Céloron de Blainville is a French family of officers and colonial administrators, who notably played a role in New France beginning in the 17th century. One member, Pierre Joseph Céloron de Blainville, is the subject of a folk song by  Robert Schmertz entitled  Celoron.

Persons
Famous Céloron de Blainville family are :
Jean-Baptiste Céloron de Blainville (born 1660 in Paris (France), still living in 1730), "seigneur" of Blainville, Quebec in New France.

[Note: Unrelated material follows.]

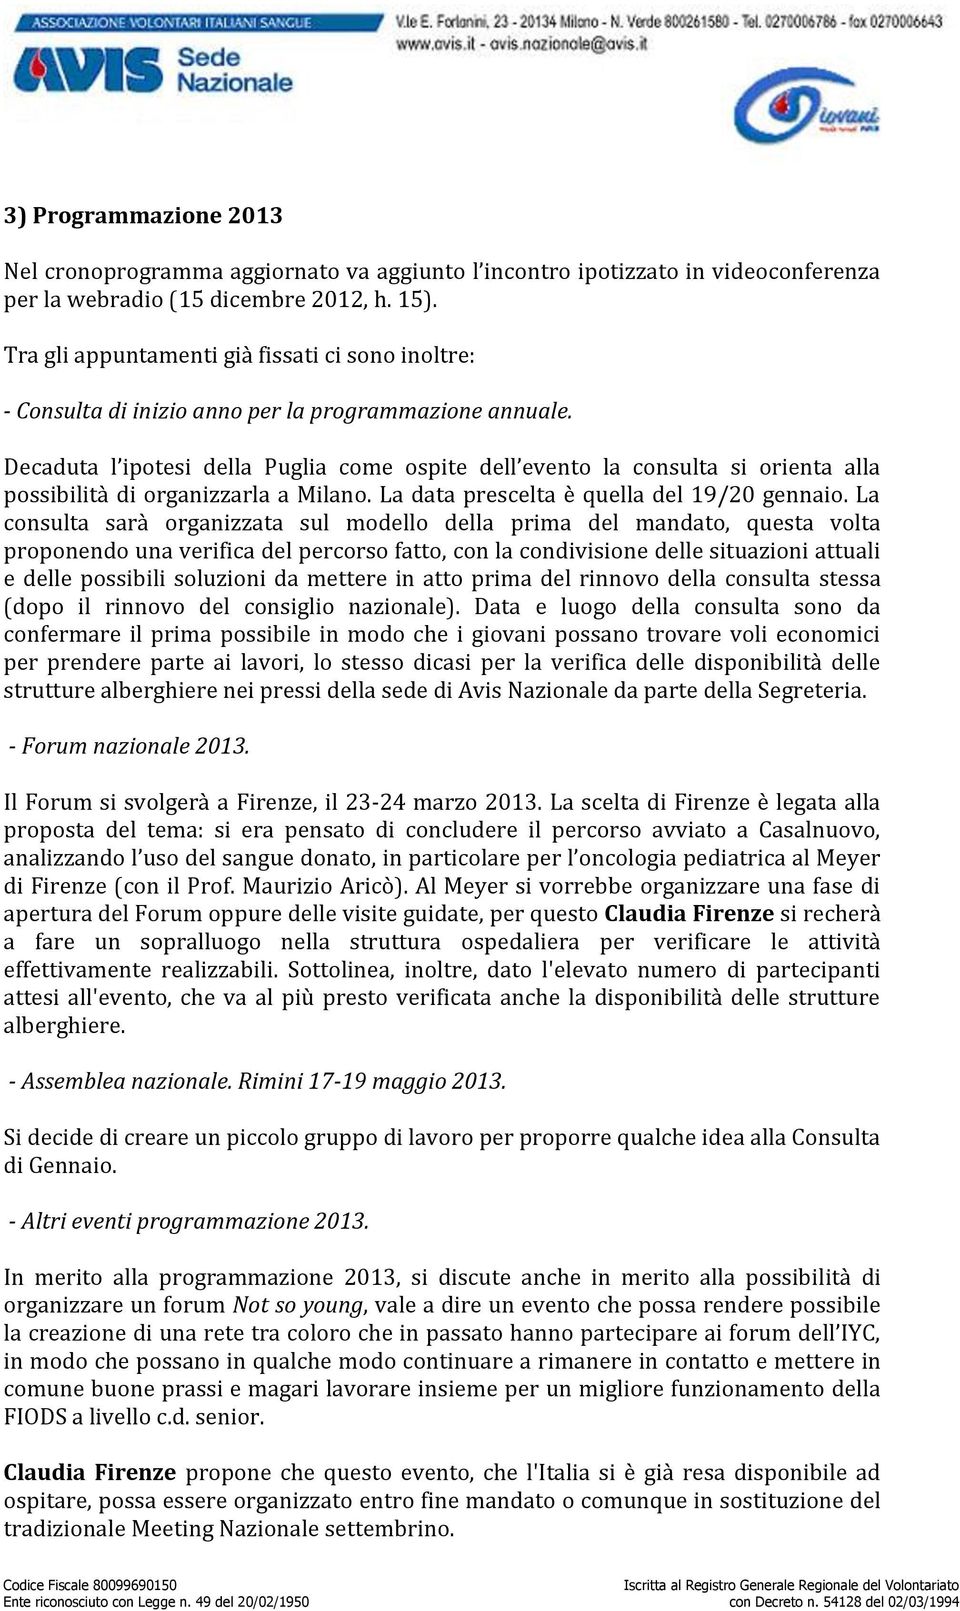 Decaduta l ipotesi della Puglia come ospite dell evento la consulta si orienta alla possibilità di organizzarla a Milano. La data prescelta è quella del 19/20 gennaio.

He married Hélène Picoté de Belestre, daughter of a military commander of Montreal.
 his son Pierre Joseph Céloron de Blainville (1693–1759), leader of the 1749 Ohio expedition.
 Paul Louis Maxime Celoron de Blainville (1831–1889), gouvernor of Mayotte in 1887-1888 Son of Pierre-Louis Céloron de Blainville (1753-??) and grandson of Pierre Joseph Céloron.

Attention
The way of writing Céloron de Blainville is often wrong especially in modern documents :
 "Céloron" (or often Celoron in texts in English) is often miswritten "Celeron" ou "Céleron", because of confusion with the Intel Celeron chipset of 2002.
 "Blainville" is often miswritten "Bienville", because of confusion with the name of the New France hero Jean-Baptiste Le Moyne de Bienville.
 So the writing "Celeron de Bienville" is common on the Internet but wrong.

Places
From the family Céloron de Blainville, came :
Celoron, New York, a village in New York state, USA.
Boulevard Céloron, in Blainville, Quebec, Canada.
Blainville, Quebec, a city in Quebec.
Blainville (electoral district) in Quebec.